Search code examples
pythonsparqlwikidata

Given a list of Wikidata identifiers, is there a way to find which ones are directly related using Python and/or SPARQL?


I have a list of Wikidata IDs and I want to find which of those are subclasses (P279) of others.

Let's suppose I have the list in pseudocode ["Q42" (Douglas Adams) , "Q752870" (motor vehicle) , "Q1420" (motor car), "Q216762" (hatchback car) ].

I'm trying to find a way to process this list and have as output something like:

[("Q752870", "Q1420")("Q1420","Q216762")] with the subclass pairs.

I could iterate the list and run a custom SPARQL queries for each pair, in pseudocode:

subclass_pairs = []
for a in list:
   for b in list:
     if custom_query_handler(a,b):
        subclass_pairs.append((a,b))

But this implies a very large number of SPARQL requests.

How to do this in a single SPARQL request?
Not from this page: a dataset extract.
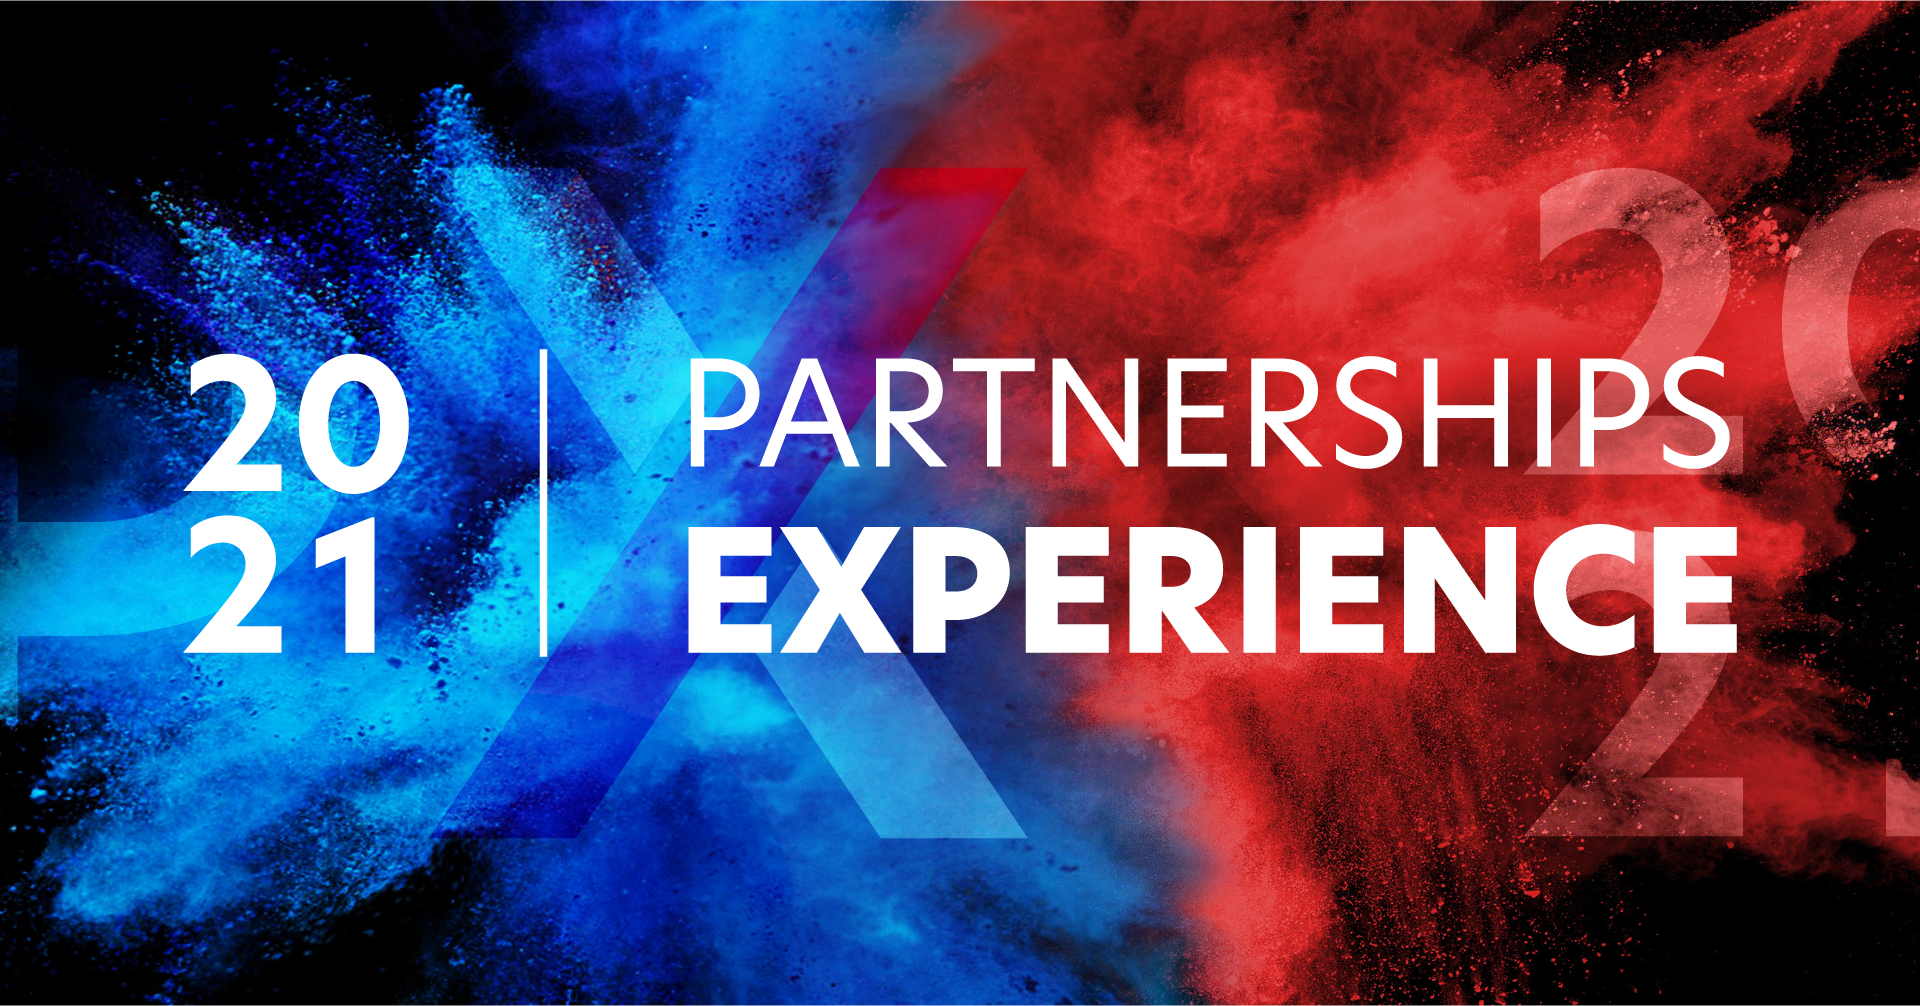 Partnerships Experience | Impact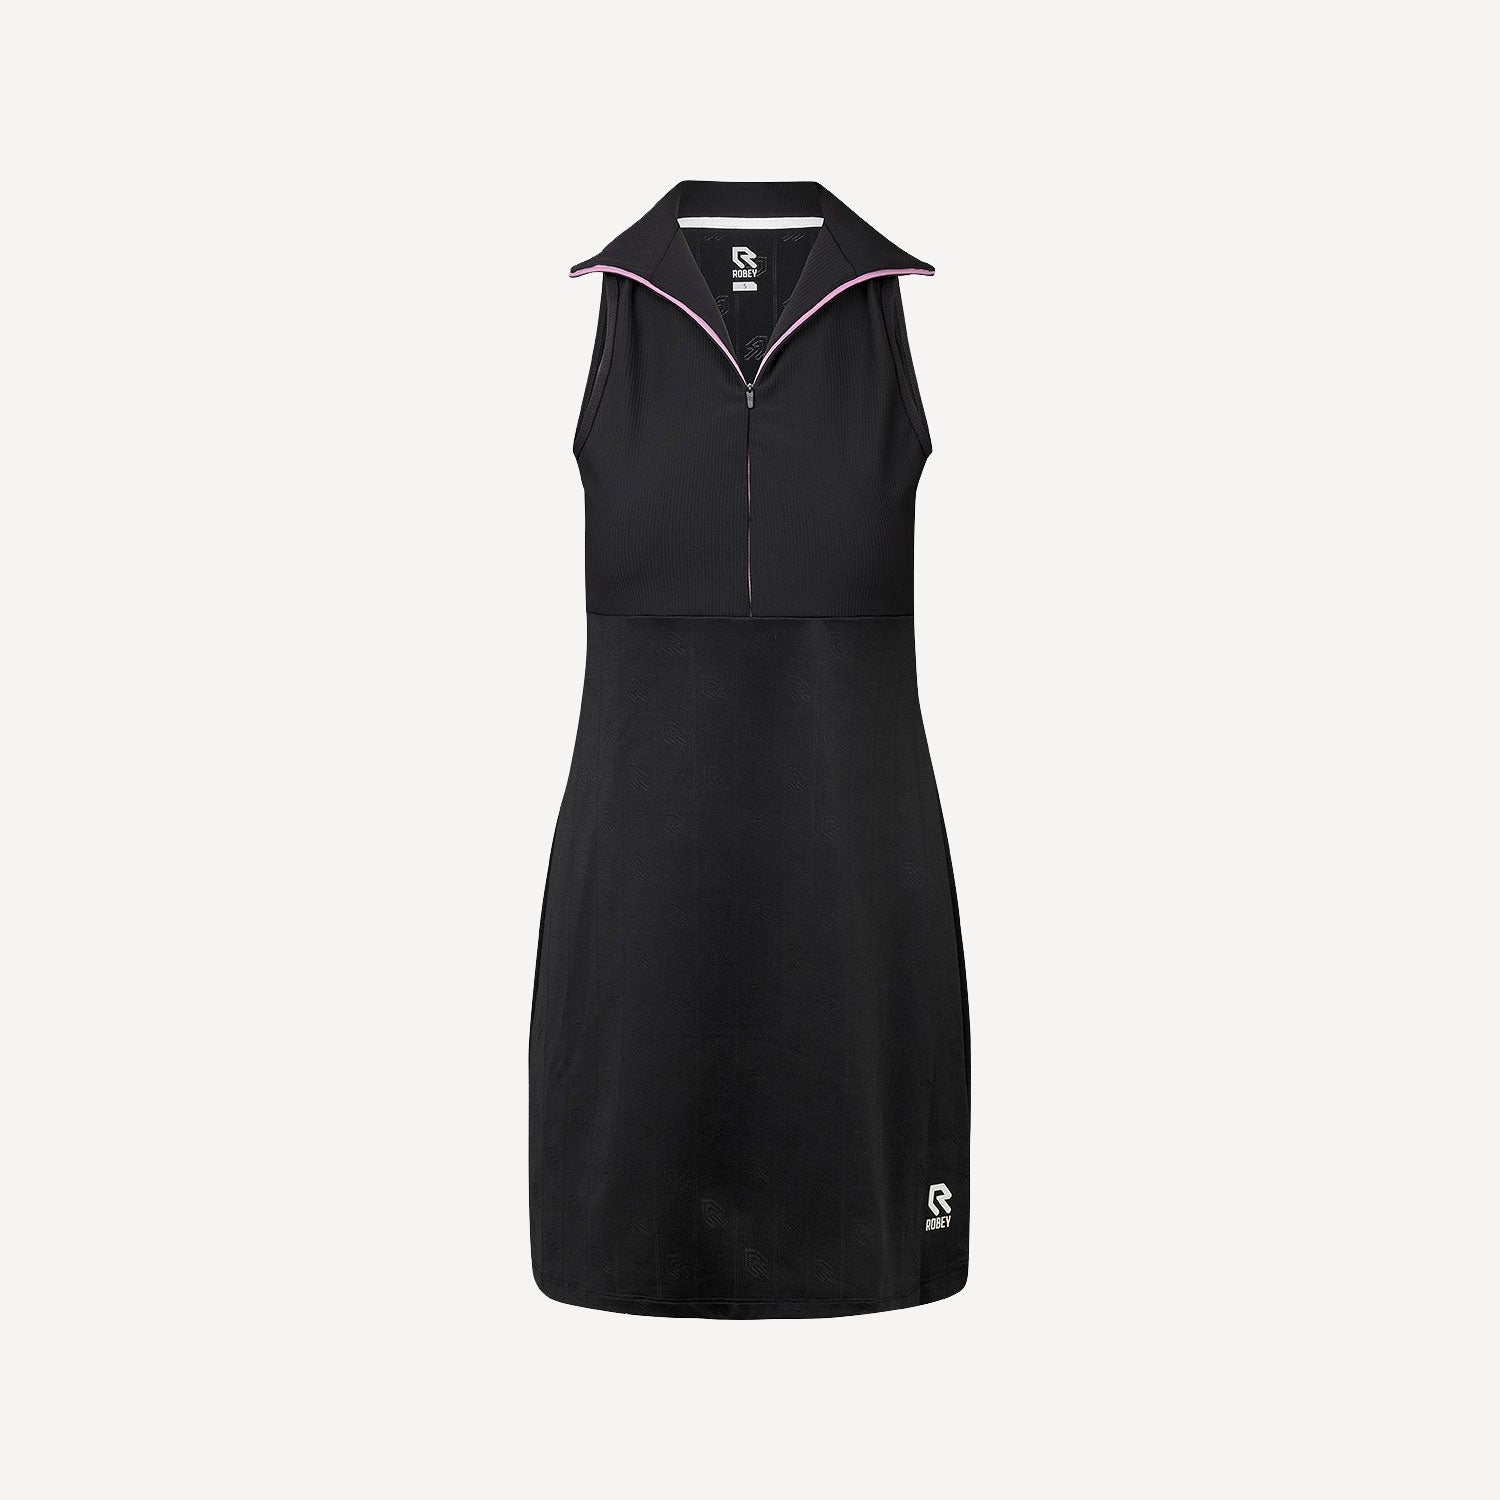 Robey Ace Women's Tennis Dress - Black (1)

Is there any other solution possible?

`


Solution

  • While writing, I figured out the solution.

    A SPARQL query like (for direct links)

    SELECT * WHERE
    {
      
      VALUES ?a {wd:Q42 wd:Q752870 wd:Q1420 wd:Q216762} .
      VALUES ?b {wd:Q42 wd:Q752870 wd:Q1420 wd:Q216762} .
    
      ?a wdt:P279 ?b . 
      }
    

    or like (for direct and indirect links)

    SELECT  DISTINCT * WHERE
    {
      
      VALUES ?a {wd:Q42 wd:Q752870 wd:Q1420 wd:Q216762} .
      VALUES ?b {wd:Q42 wd:Q752870 wd:Q1420 wd:Q216762} .
      FILTER (?a != ?b)
      ?a wdt:P279* ?b . 
      }
    

    returns a list of pairs exactly like I wanted. Then, it is just a matter of parsing in Python with something like SPARQLWrapper or wdcuration.

    A very large list will have to be split into chunks, as the SPARQL URLs might become too long.